▸ **REQUIRED WORK**
Print a faithful copy of the data below, word for word, with the pictures left out.

▸ **SUPPLIED MATERIAL**
——————————
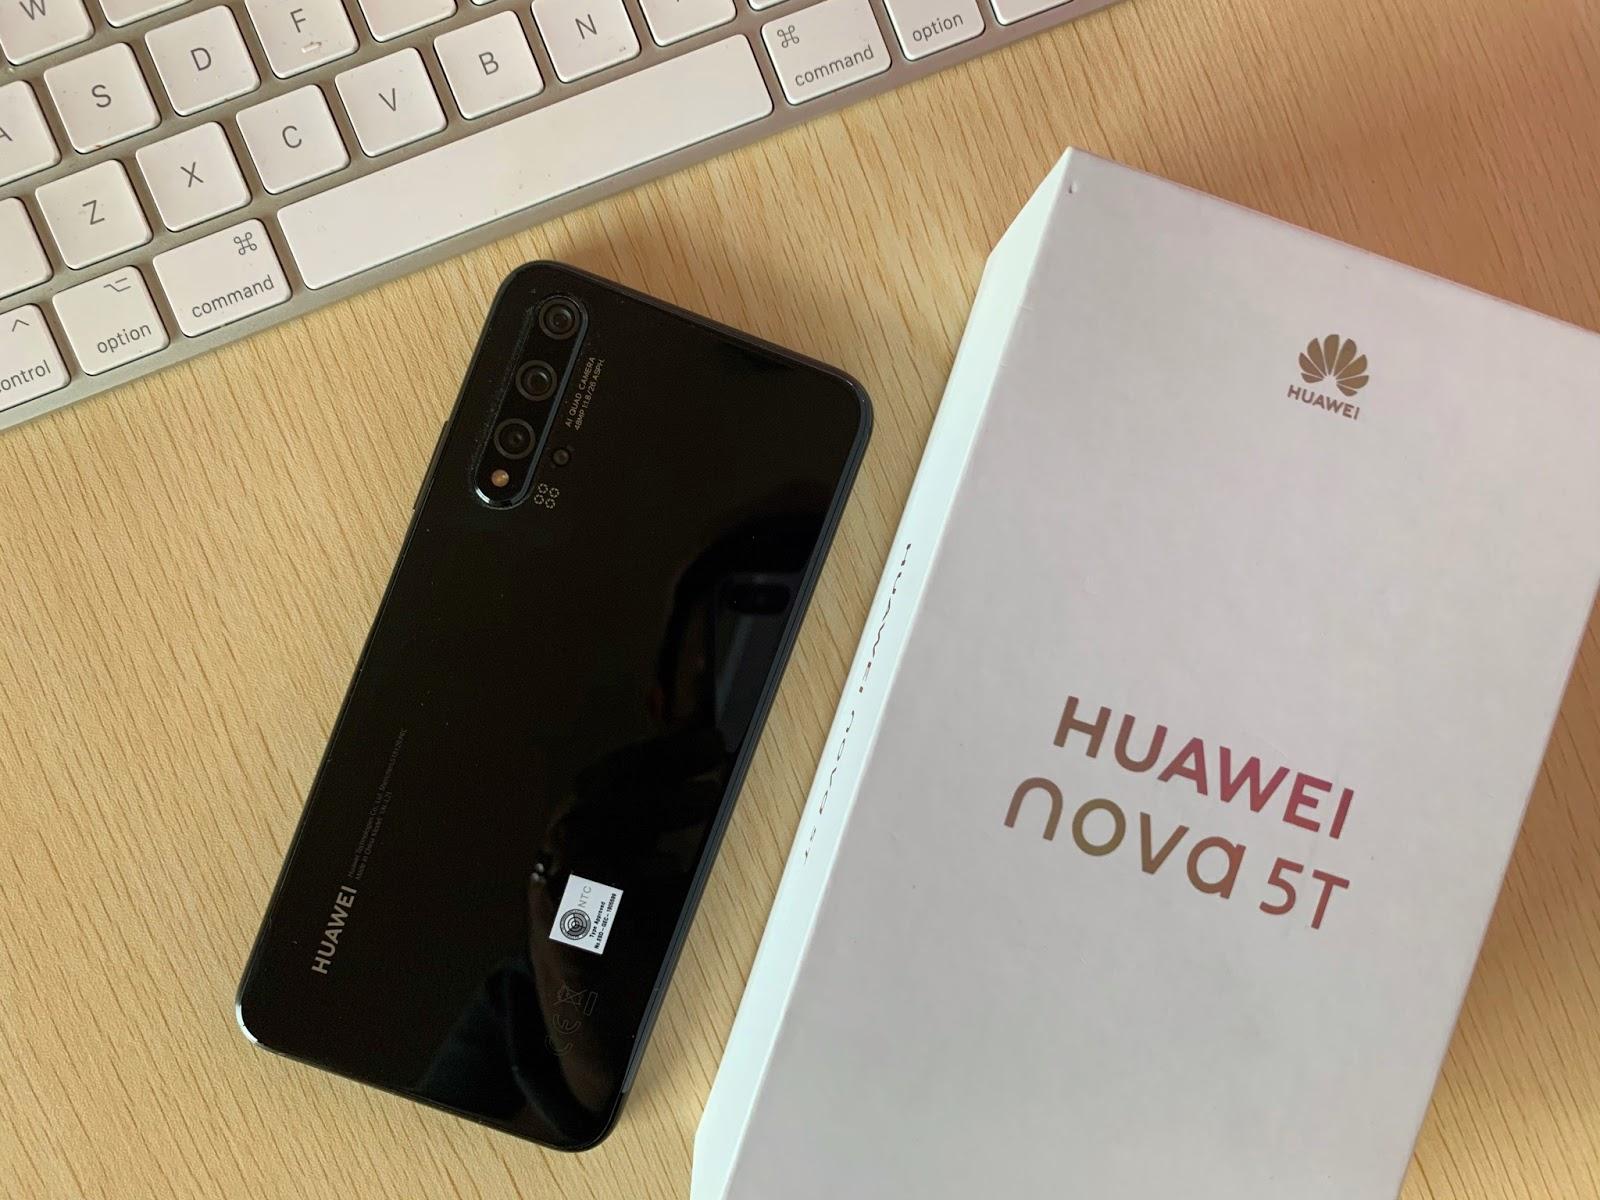 HUAWEI Nova 5T by Jexx Hinggo
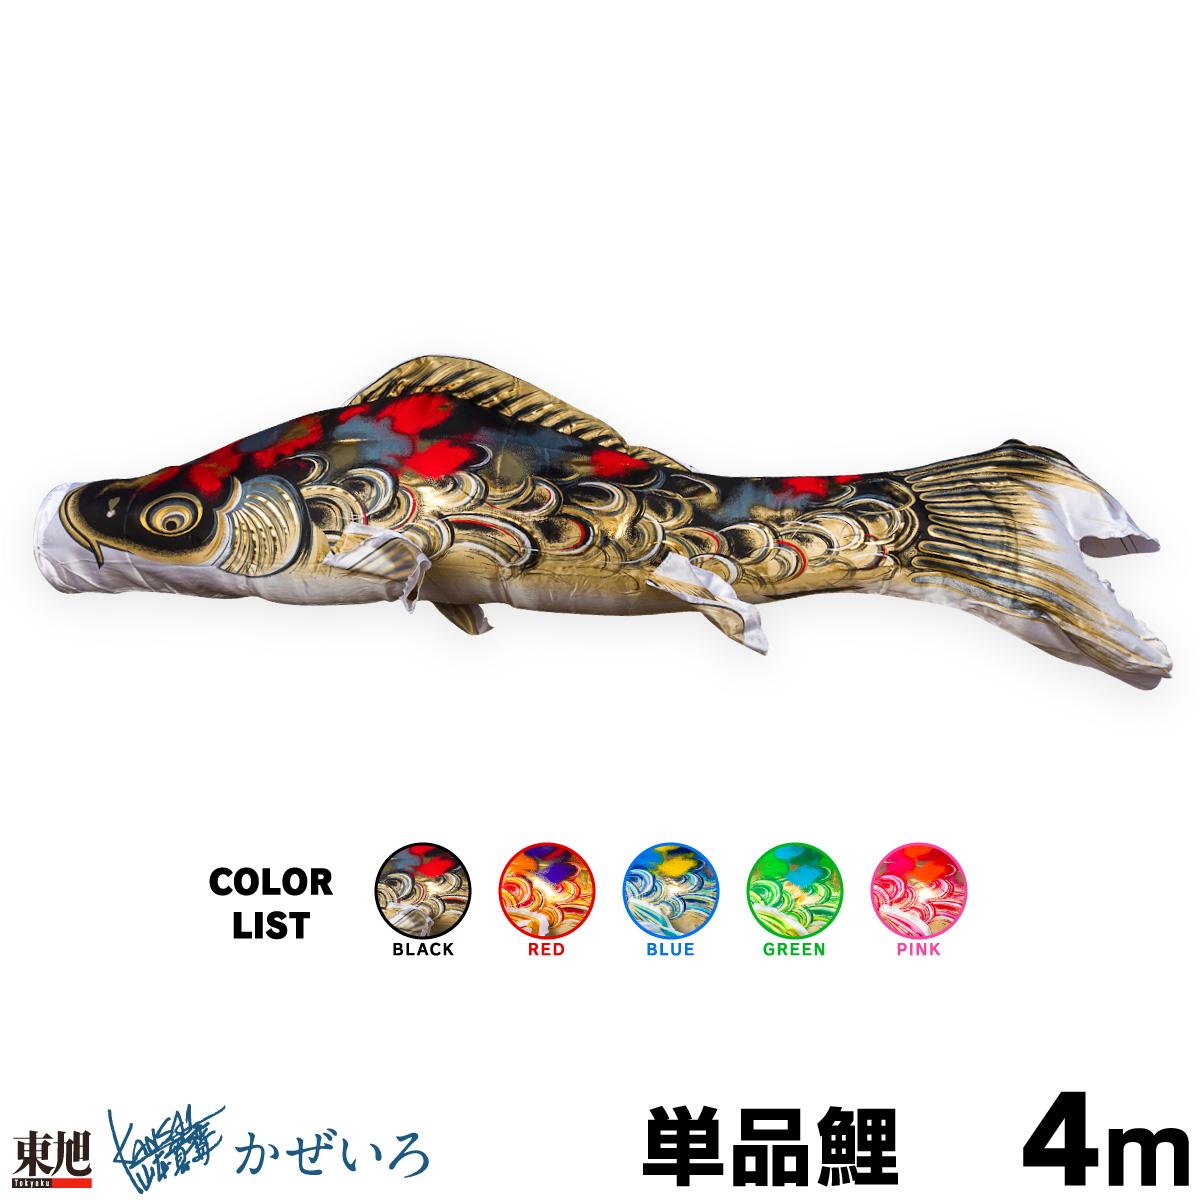 【こいのぼり 単品】 かぜいろ 4m 単品鯉
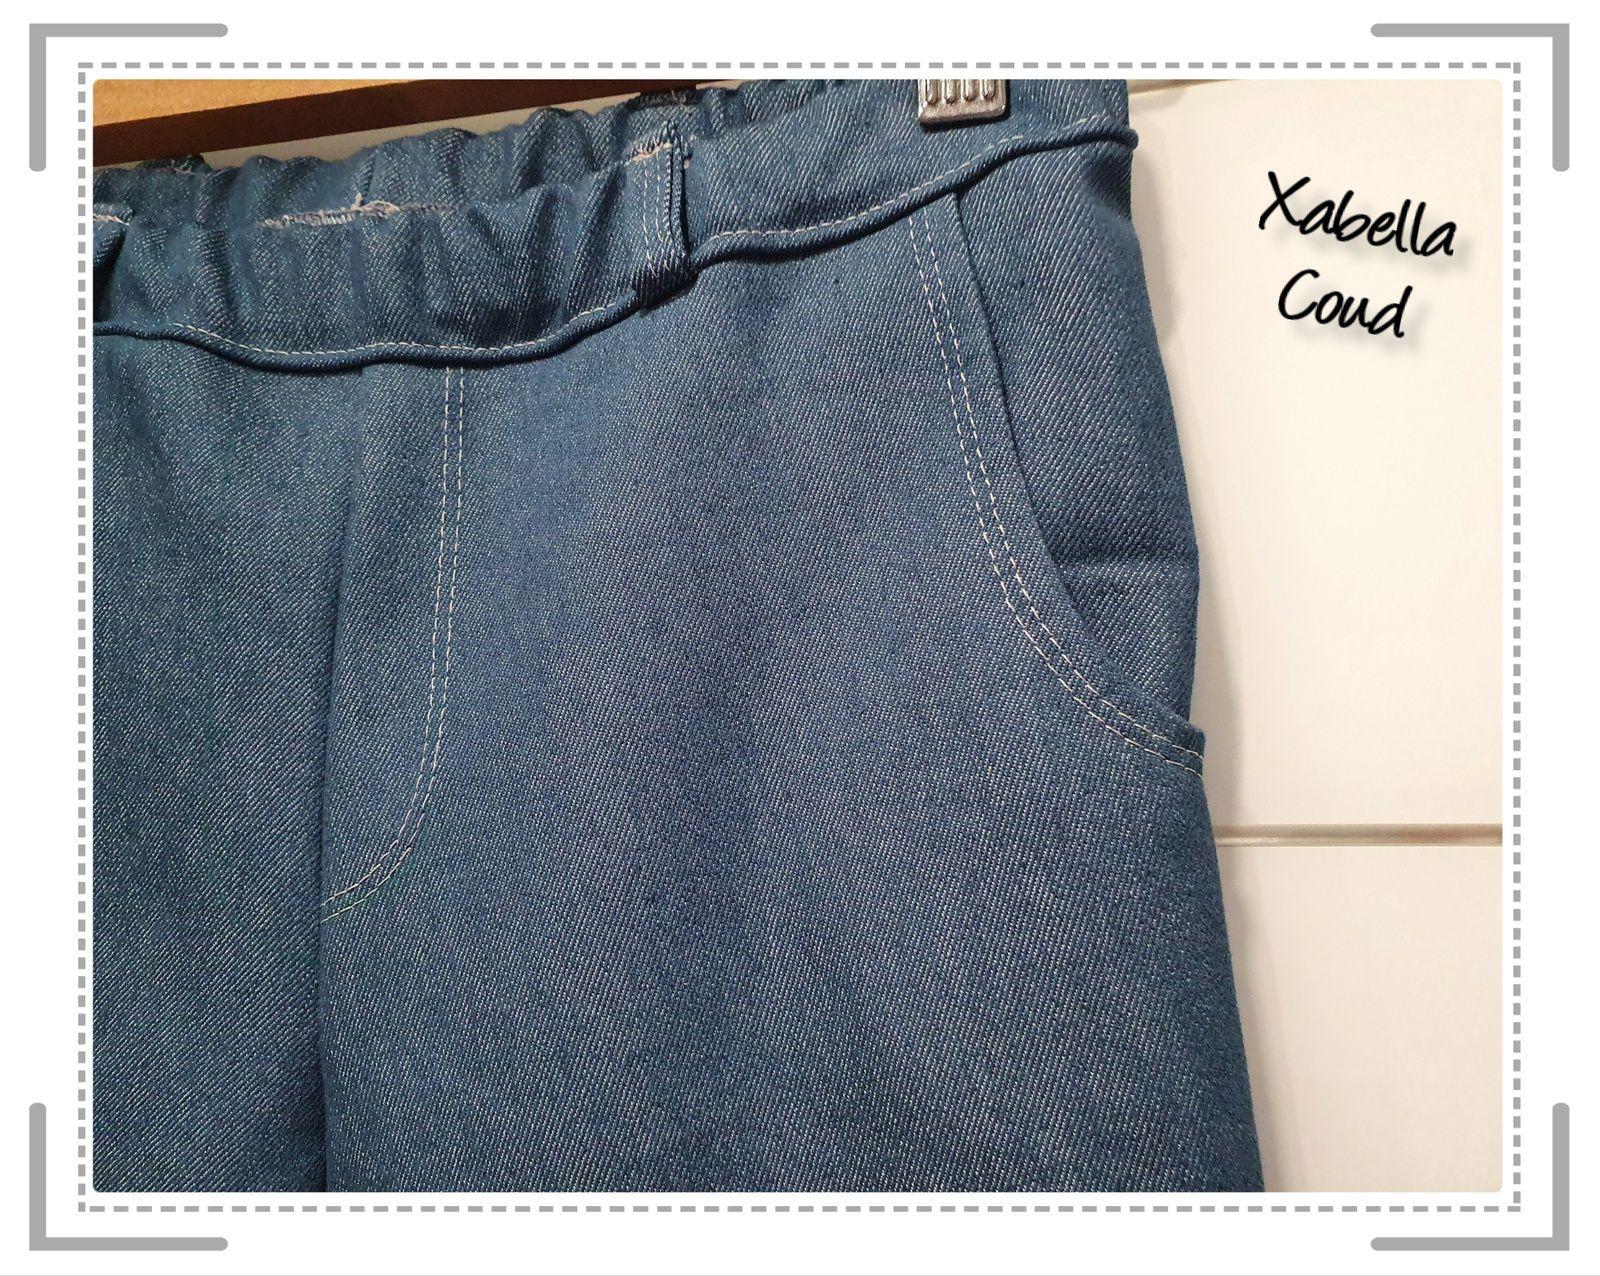 Cette fois les poches sont arrondies, plus façon jean... Je me suis amusée à faire quelques fantaisies comme des coutures en mode recouvrement... ou pas.. histoire que tous les modèles ne soient pas identiques..
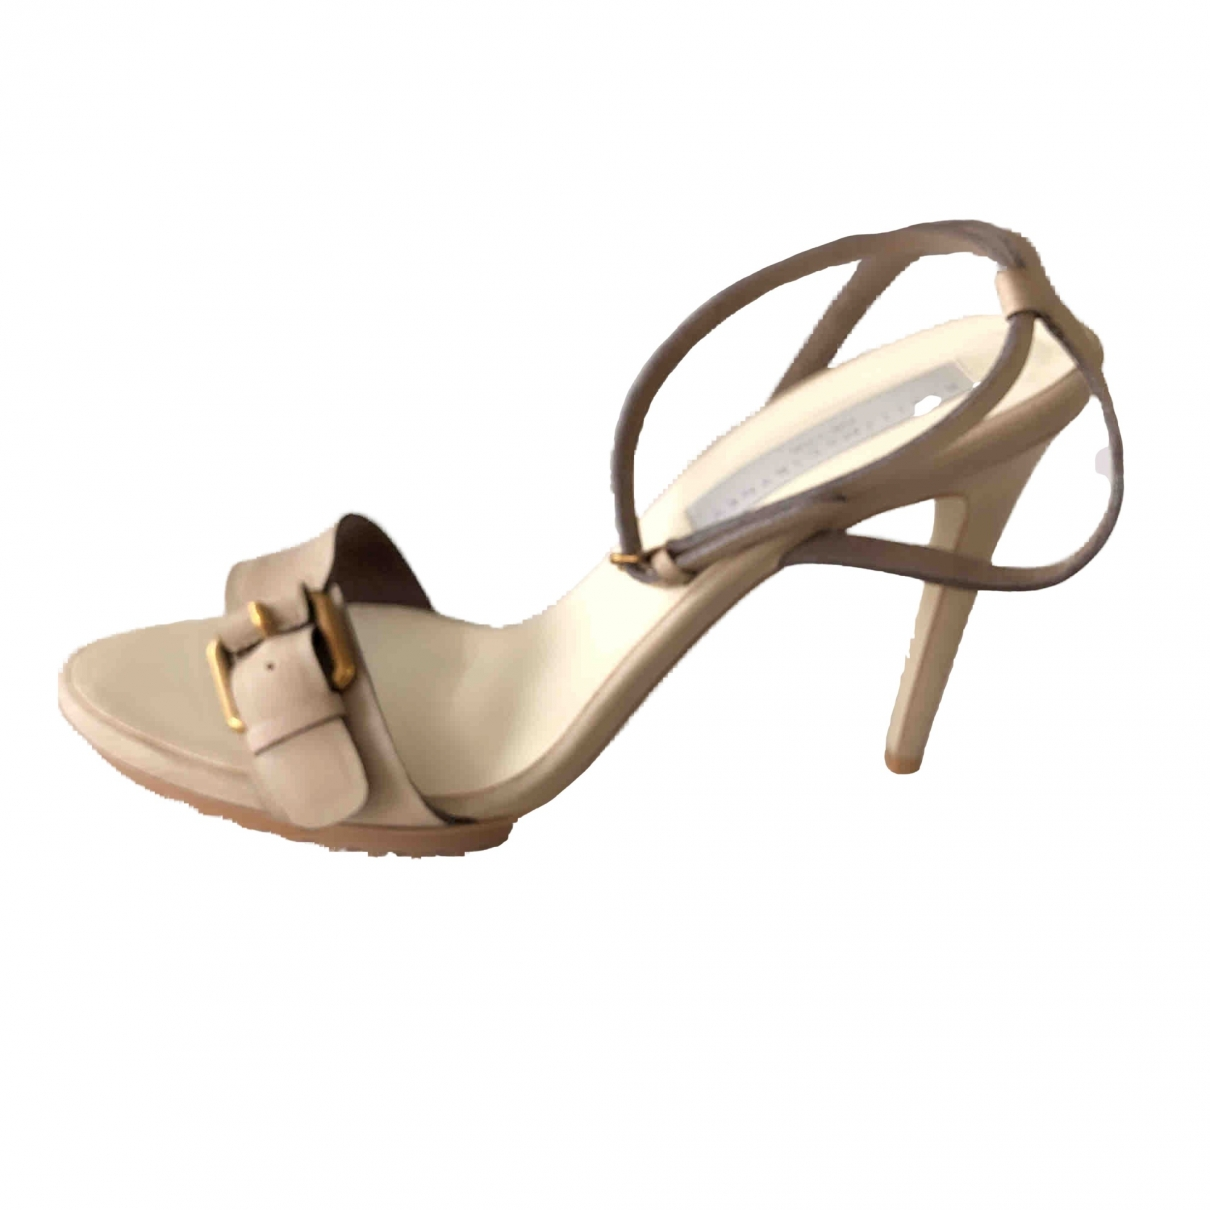 Sandalias de Cuero Stella Mccartney
——————————
▸ **WRITTEN REPLY**
 HUAWEI Nova 5T by Jexx Hinggo
 【こいのぼり 単品】 かぜいろ 4m 単品鯉
 Cette fois les poches sont arrondies, plus façon jean... Je me suis amusée à faire quelques fantaisies comme des coutures en mode recouvrement... ou pas.. histoire que tous les modèles ne soient pas identiques..
 Sandalias de Cuero Stella Mccartney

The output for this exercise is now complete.